As this first soldier finishes his boast, the other begins to harangue Lincoln about the unequal treatment of black soldiers, beginning with their lesser pay. This is Kushner memorializing another liberal trope: the eternal grievance. While it was true that black pay was lower during the Battle of Jenkins Ferry, Congress corrected the injustice almost immediately thereafter, equalizing black pay and making the increase retroactive.

Because that injustice was remedied nearly a year earlier, no black soldier would have ranted about it to Lincoln that night. In fact, no black soldier would have spoken to the president in the manner and tone Kushner employs here. First he deprives blacks of a moral compass, then he takes away their social probity. Interestingly, we actually have a first-hand account of a meeting between Lincoln and black troops occurring almost at this time:

"The black troops received him most enthusiastically, grinning from ear to ear, and displaying an amount of ivory terrible to behold," remarked Gen. U.S. Grant's aide, Horace Porter. "They cheered wildly, crowding around Lincoln, kissing his hand, brushing his coat or his horse so that they could tell others that they had touched the president. And Lincoln was touched. His eyes brimming with tears, his voice broke as he talked with the men; the encounter reminded everyone what was at stake."

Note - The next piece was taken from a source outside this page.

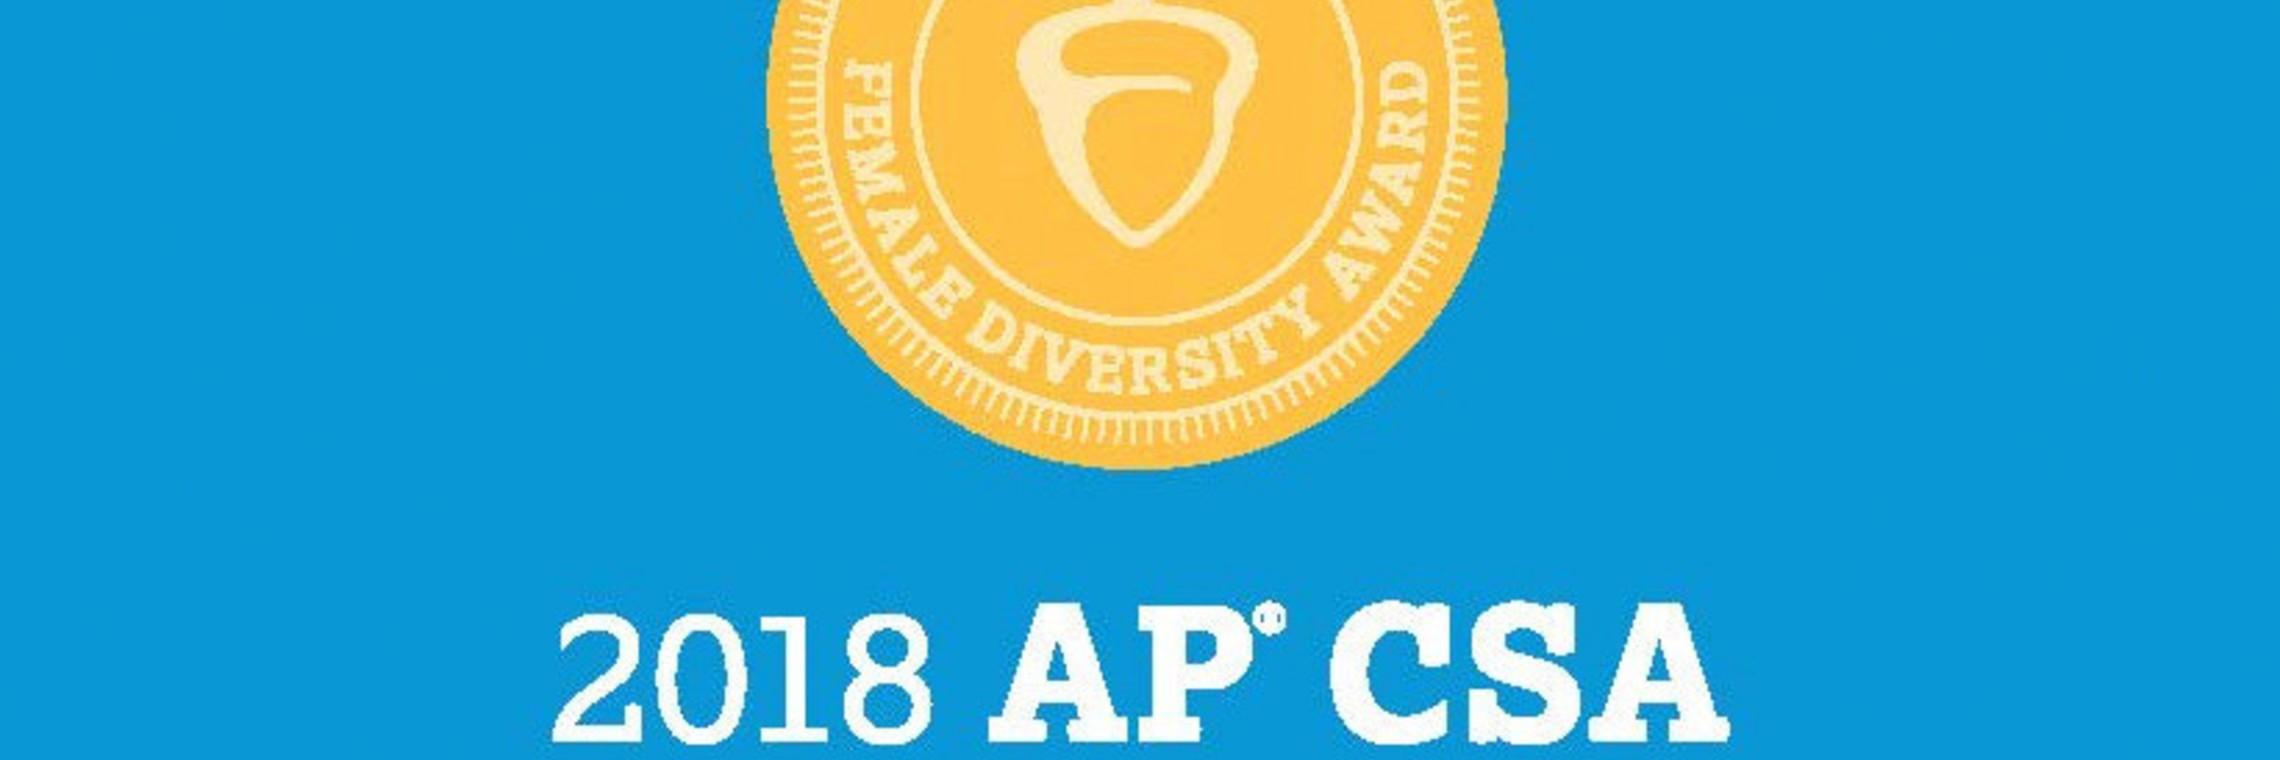 1 1 Ap Csa Female Diversity Award 2 1

Kushner couldn't write something that honest and moving if his life depended on it. That's reality shorn of liberal posturing. It would have made a powerful opening to this movie, rather than the sham, programmatic one we got. Ironically, the humanity revealed by these men is remarkably similar to that displayed by those white soldiers Kushner so casually disparaged. He had unintentionally made them human, something his leftism denies his black caricatures.

The scene ends as the two black soldiers walk away, Lincoln looking down upon them imperially from his lighted pedestal. One of the soldiers, the brash, MLK prototype, reverently recites Lincoln's own words from Gettysburg. One last stretch of Kushner's imagination before closing.

The racist undertones of this opening scene didn't cause Spielberg or Kushner any grief. In fact, one reviewer, Michael Phillips of the Chicago Tribune, called it "one of the shrewdest things Kushner has ever written." He may be right, but that's no compliment. The filmmakers, beyond liberal criticism in any case, had followed the liberal playbook: selective history, collectivized guilt, vengeful social justice, grievance mongering, minority pandering and patronization. All that's left now is to pick up their Oscars.